Mathematical Physics

Module Provider: Mathematics and Statistics
Number of credits: 10 [5 ECTS credits]
Level:5
Terms in which taught: Spring / Summer term module
Pre-requisites: MA1CA Calculus and MA1LA Linear Algebra and PH101 Physics of the Natural World or MA1MM Mathematical Modelling
Non-modular pre-requisites:
Co-requisites:
Modules excluded:
Module version for: 2016/7

Summary module description:
The course continues the applied stream of mathematical education from e.g. mathematical modelling and enables one to choose more detailed physics-related modules in the third and fourth years. The overarching theme connecting these will be different forms of energy governing the processes under consideration. What is the relevance of calculus, ODEs and PDEs to real life? The majority of these mathematical concepts were created to describe (or model) processes of nature. For example problems like sound wave propagation or heat transfer have led to partial differential equations. In this module you will study how different mathematical concepts arise from physical phenomena, and in particular discover that completely different areas of physics can be described by exactly the same mathematical equations.
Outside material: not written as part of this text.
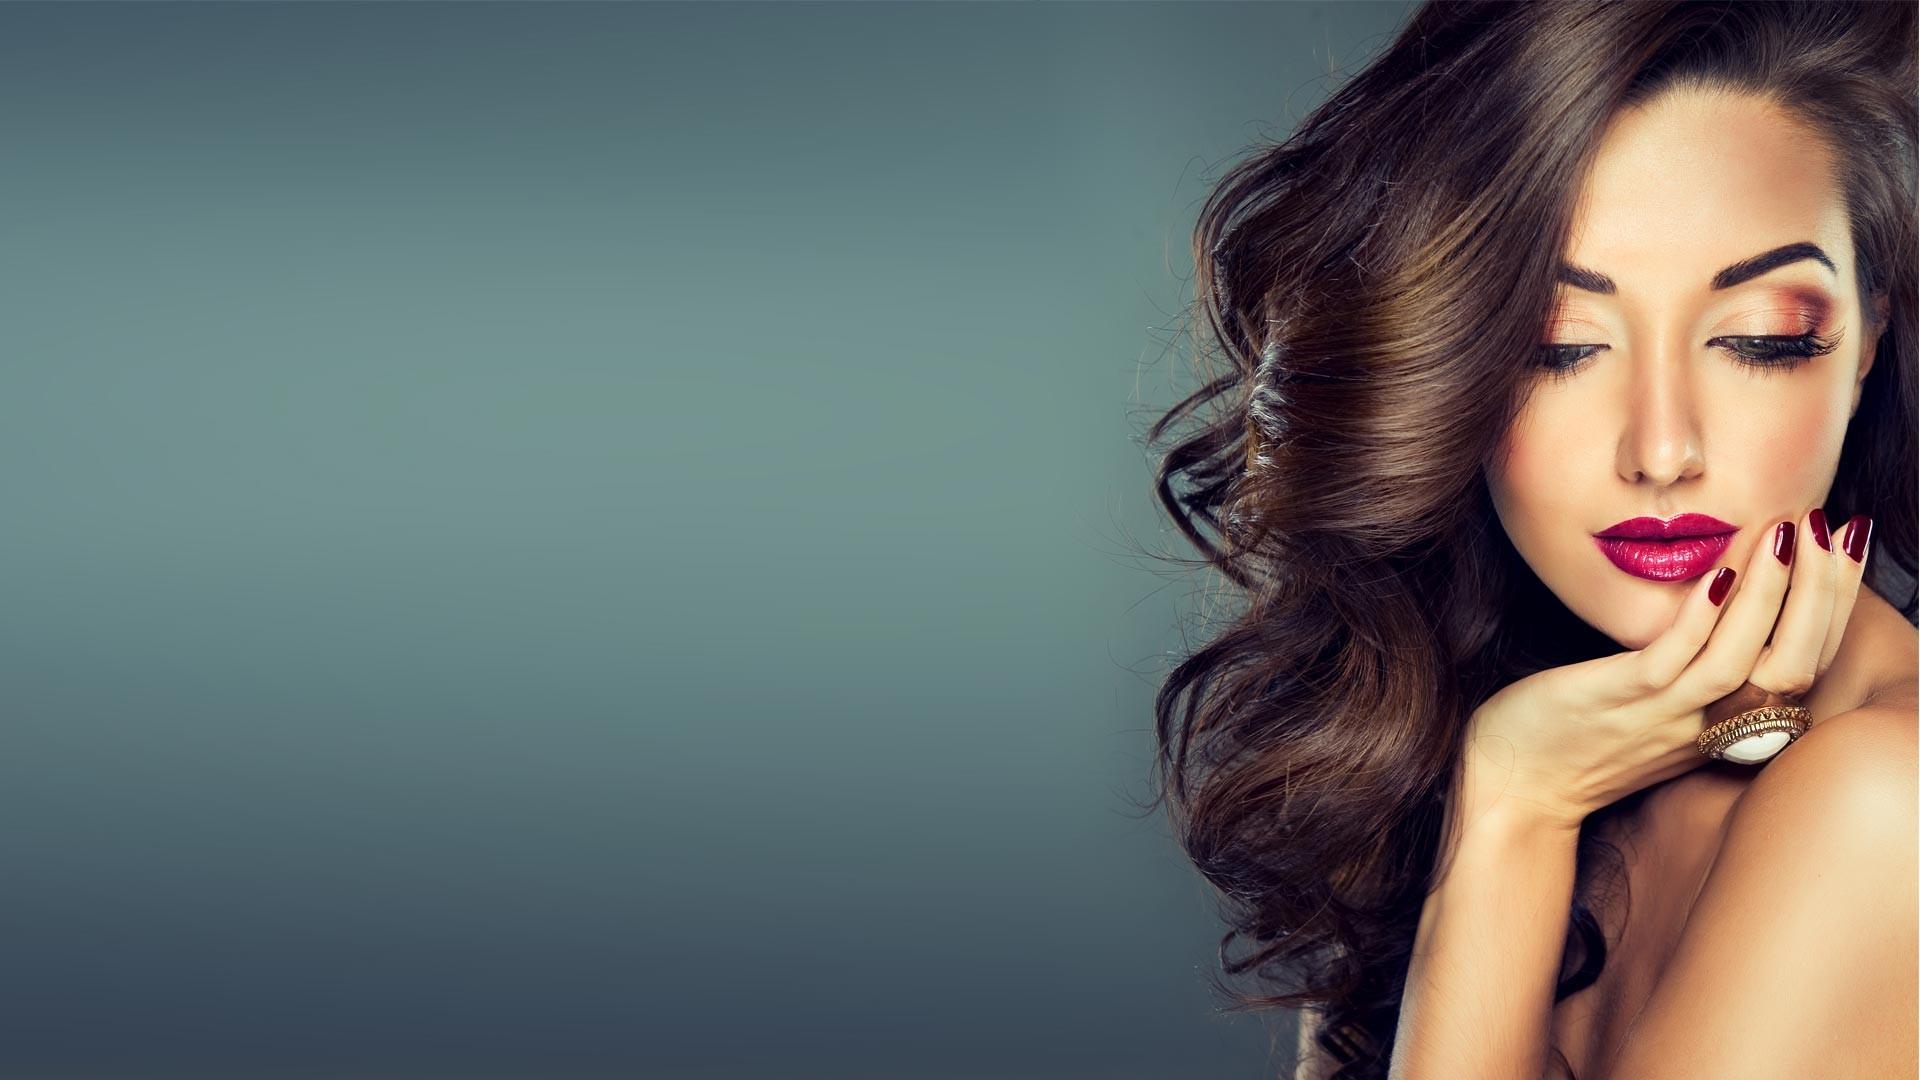 Custom 3D Beauty Salons Wallpaper Europe and the United ...  |Beauty Salon Wallpaper Designs
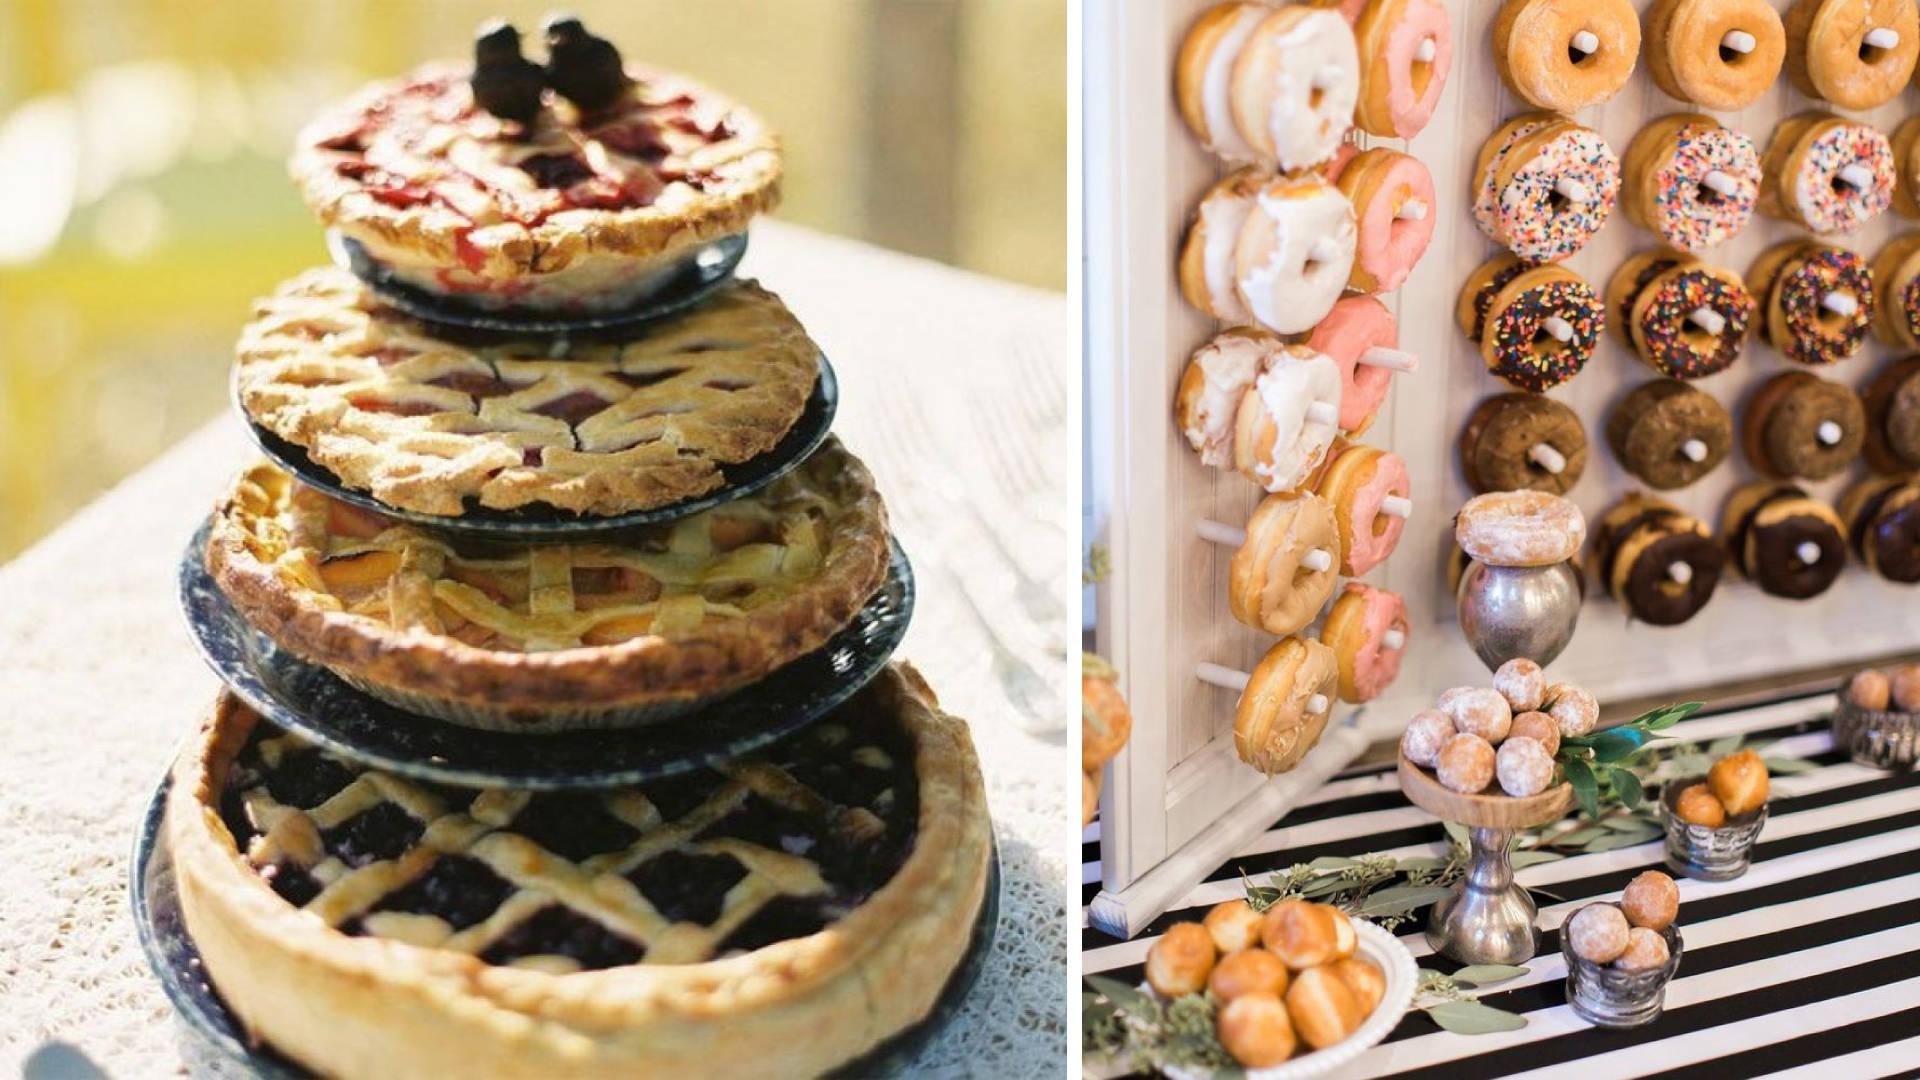 A Pie and Doughnut Station

Note that this course will be very different from A-level physics: it will focus on the mathematical aspects of physics, i.e. the physics useful for understanding mathematics, whereas A-level physics avoided mathematics at all costs.
Aims:
1. Break down possible barriers between physics and mathematics, learn their differences and
similarities and thus be able to translate from one level of description to another.

2. Build up mathematical intuition from analogies with physical problems. Absolute majority of
good mathematicians use physical analogies to guide their research.

3. Familiarize students with the main concepts of theoretical physics to broaden their horizons.

4. Provide motivation and connections for other modules and to explain the practical applications of undergraduate mathematics studied in the department.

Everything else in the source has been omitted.